Appunto, siamo di fronte a una riduzione della democrazia, al punto che diventa sempre più difficile parlare di democrazia senza aggiungere un aggettivo: limitata? Autoritaria? Dimezzata? Sotto tutela?

Attorno alle grandi opere si gioca una partita importantissima: i potentati economici e politici cercando di far passare l’opposizione a certi interventi – che siano la Tav in Val di Susa, gli inceneritori in Campania, la base militare Usa in Veneto – come dei ribellismi attuati da estremisti ingenui, isterici e inconsapevoli. Non è così. Attorno alle grandi opere si gioca una partita strategica per il “modello di sviluppo” oggi dominante.
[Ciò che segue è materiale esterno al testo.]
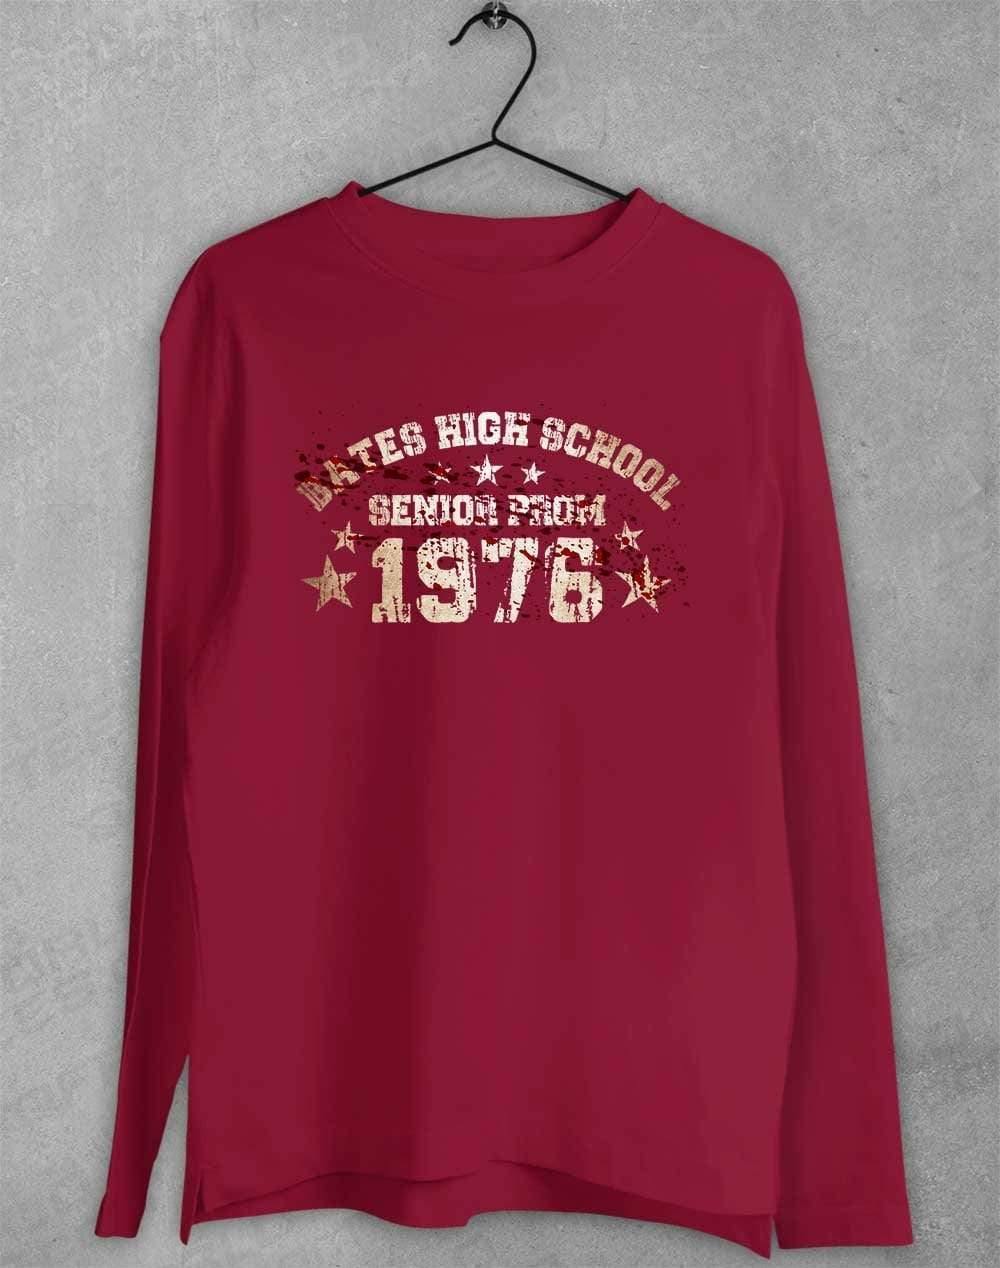 Bates High School Prom 1976 Long Sleeve T-Shirt S / Cardinal  - Off World Tees
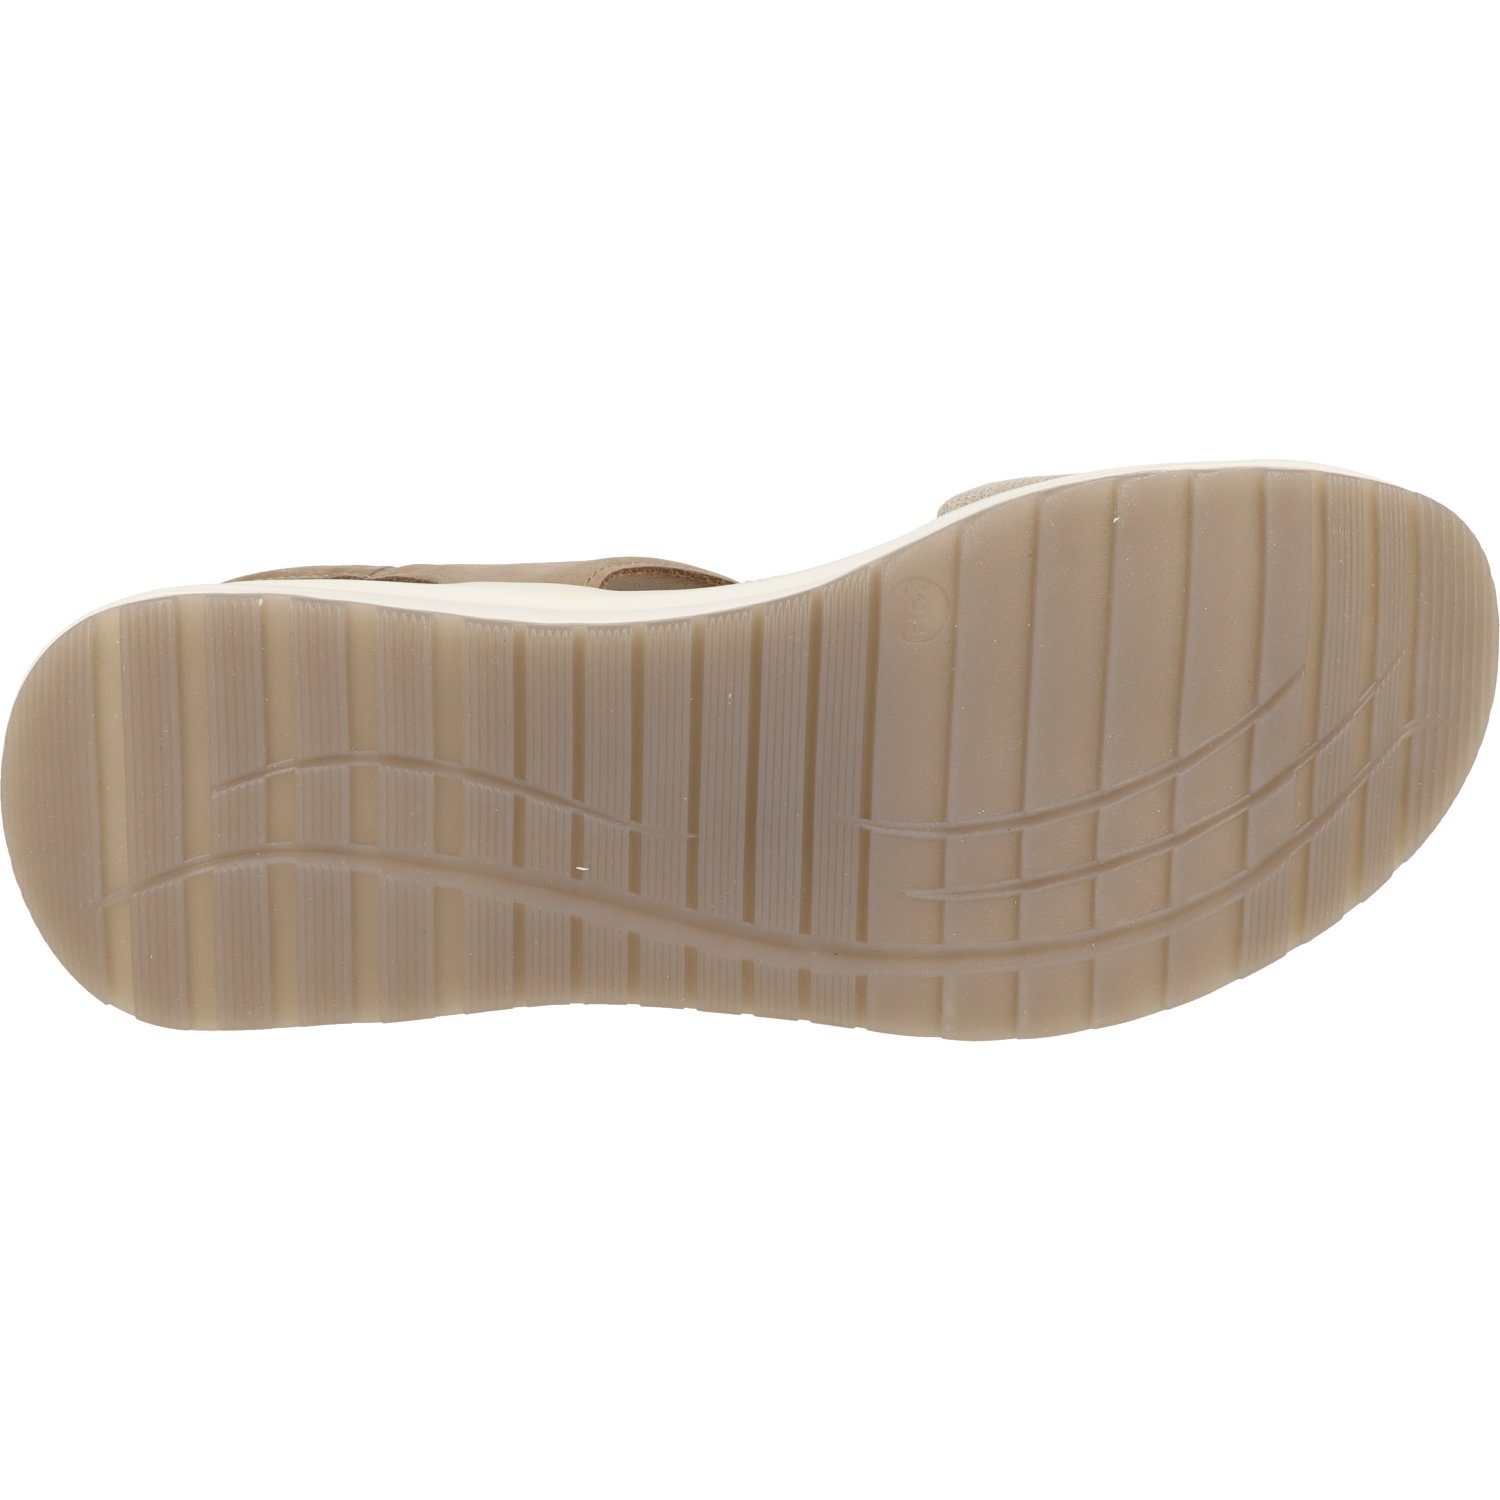 Caprice Damen Schuhe Klett Sandalette 9-28718-20 Sandalette Climotion H-Weite Mud Comb Leder

E’ un modello che va cambiato e lo dicono per primi gli scienziati premiati col Nobel per i loro studi sui cambiamenti climatici.

Questo sistema inquinante, che divora la natura e distrugge l’ambiente, è insostenibile. Le grandi opere, non sempre ma quasi sempre, sono la punta più avanzata degli oltranzisti che non intendono cambiare nulla, forti di una fede nel mito della crescita che sfiora il fanatismo. La tentazione di mettere il bavaglio agli oppositori, dopo averli denigrati come sciocchi e manipolati estremisti, è fortissima nei poteri costituiti, in Gran Bretagna come in Italia e nel resto del mondo più industrializzato.

I benpensanti in genere sanno pochissimo di Tav, Dal Molin, inceneritori e si affidano al mantra recitato da industriali, politici e grandi media. Non leggono libri come la ricerca di Donatella della Porta e Gianni Piazza dedicato alle “Ragioni del no”, nel quale si mostra l’alto livello di conoscenze e di competenze dei movimenti No Tav e No Ponte, preferiscono ripetere le frasi fatte e gli anatemi che si ascoltano in tv. Ignorano, per dire, che la zona di Acerra registra una delle più alte percentuali di malformazioni e tumori d’Europa, non hanno mai fatto un salto in Val di Susa per dare un’occhiata a una vallata già martoriata da un evidente eccesso di opere pubbliche, non leggono gli studi che dimostrano l’inutilità (se non per chi beneficerebbe dei soldi pubblici da investire) della tratta ad alta velocità, trascurano i problemi di sicurezza e di lesione della sovranità nazionale posti dal raddoppio della base militare statunitense a Vicenza, e così via.

La nuova legge di Gordon Brown mette a nudo quel che c’è dietro il braccio di ferro attorno alle grandi opere: il futuro delle nostre democrazie.